Tengiz Peranidze
- Full name: Tengiz Peranidze
- Born: 6 April 1998 (age 27)
- Height: 176 cm (5 ft 9 in)
- Weight: 78 kg (172 lb; 12 st 4 lb)

Rugby union career
- Position: Scrum-half
- Current team: Black Lion

Senior career
- Years: Team / Apps / (Points)
- 20??-2021: Lelo Saracens / ?? / (??)
- 2021-: Black Lion / 28 / (30)
- Correct as of 13 November 2023

International career
- Years: Team / Apps / (Points)
- 2023-: Georgia / 1 / (0)
- Correct as of 13 November 2023

National sevens team
- Years: Team /  / Comps
- 2017-2019: Georgia /  / 4
- Correct as of 13 November 2023

= Tengiz Peranidze =

Georgian rugby union player

Tengiz Peranidze (born 6 April 1998) is a Georgian rugby union player who plays as a scrumhalf for Black Lion in the Rugby Europe Super Cup and the EPCR Challenge Cup.

==Club career==
He joined Black Lion from Lelo Saracens in 2021, making his debut for the Georgian franchise coming off the bench in the first round of the 2021-22 Rugby Europe Super Cup.

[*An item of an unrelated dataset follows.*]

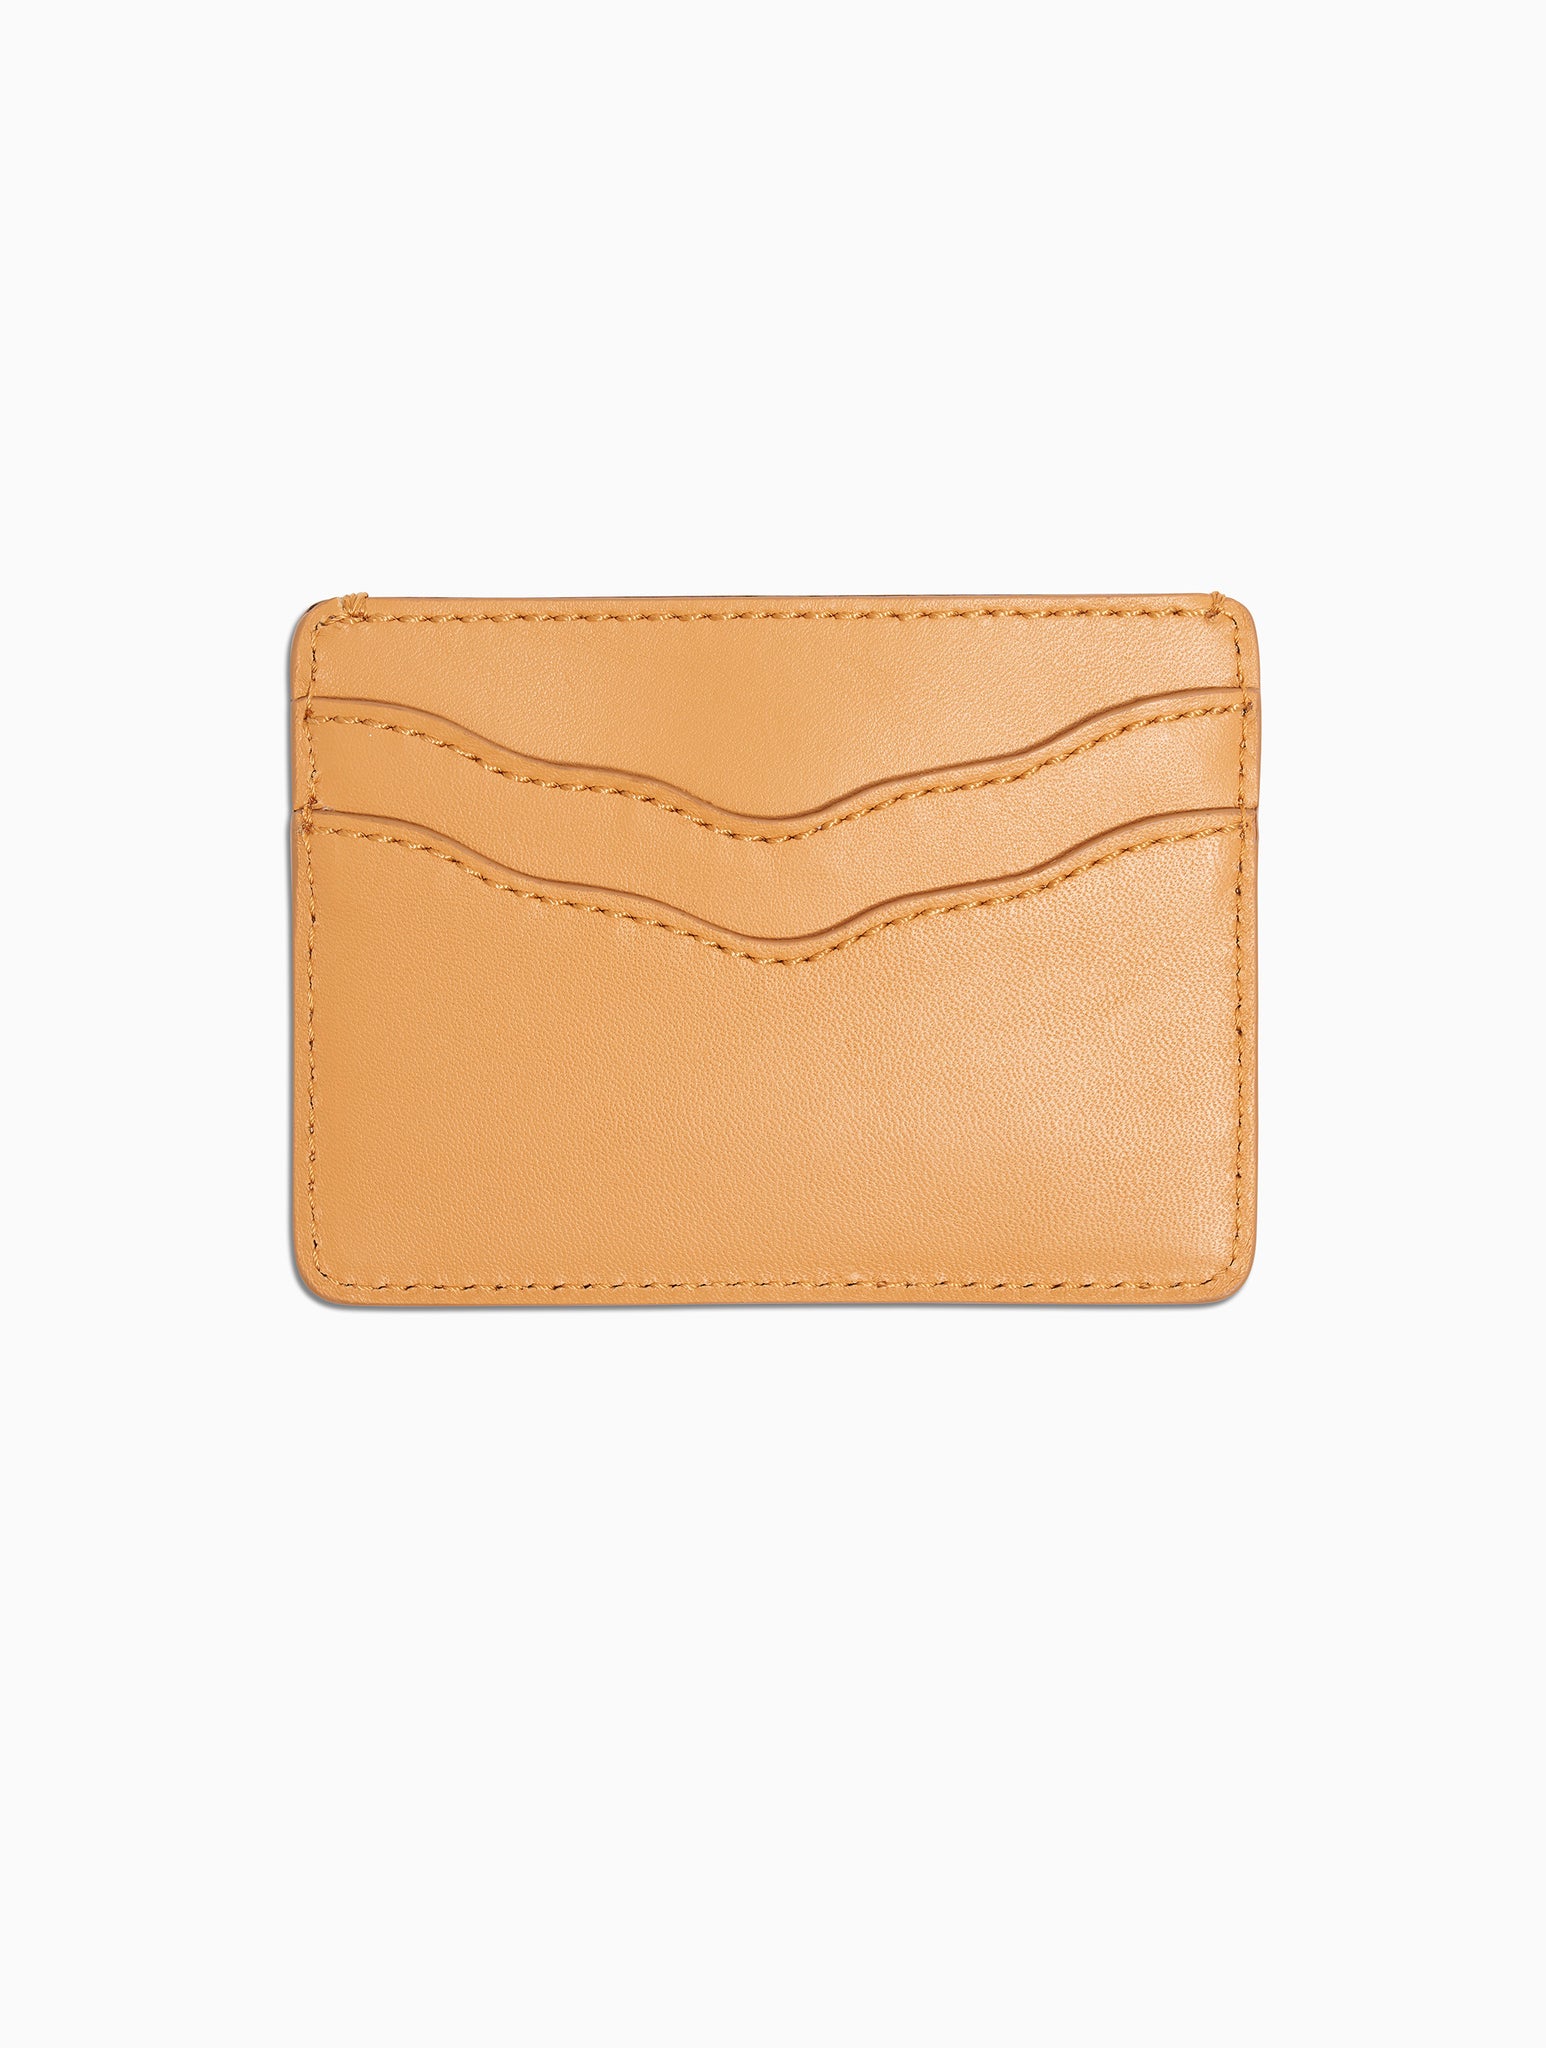 Cardholder in Maize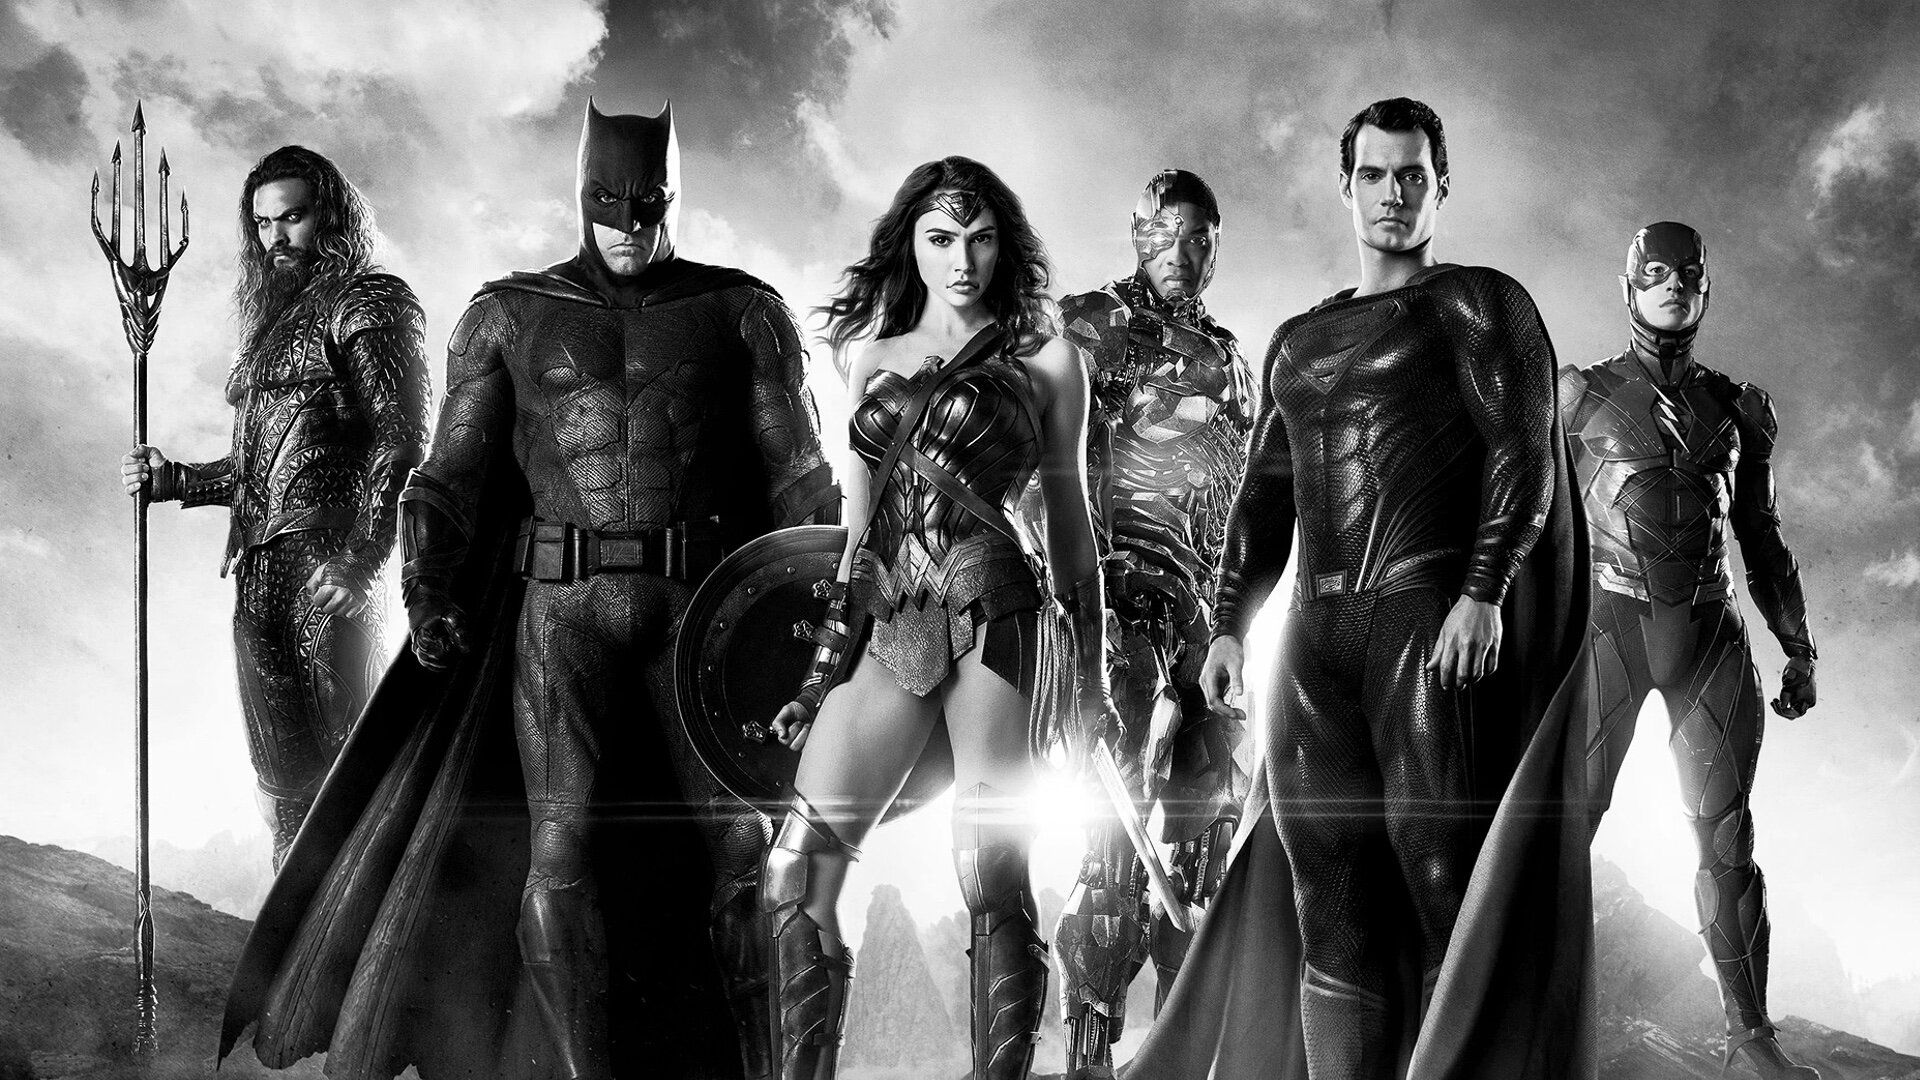 Zack Snyder Shares a New Black and White for JUSTICE LEAGUE

He started and scored in the final against the Lusitanos.

==International career==
He was called up to the Georgia squad due to an injured Gela Aprasidze, He made his debut for the national side coming off the bench in a test match against Uruguay.

He was later named in the Georgia squad for the 2023 Rugby World Cup, however he did not feature.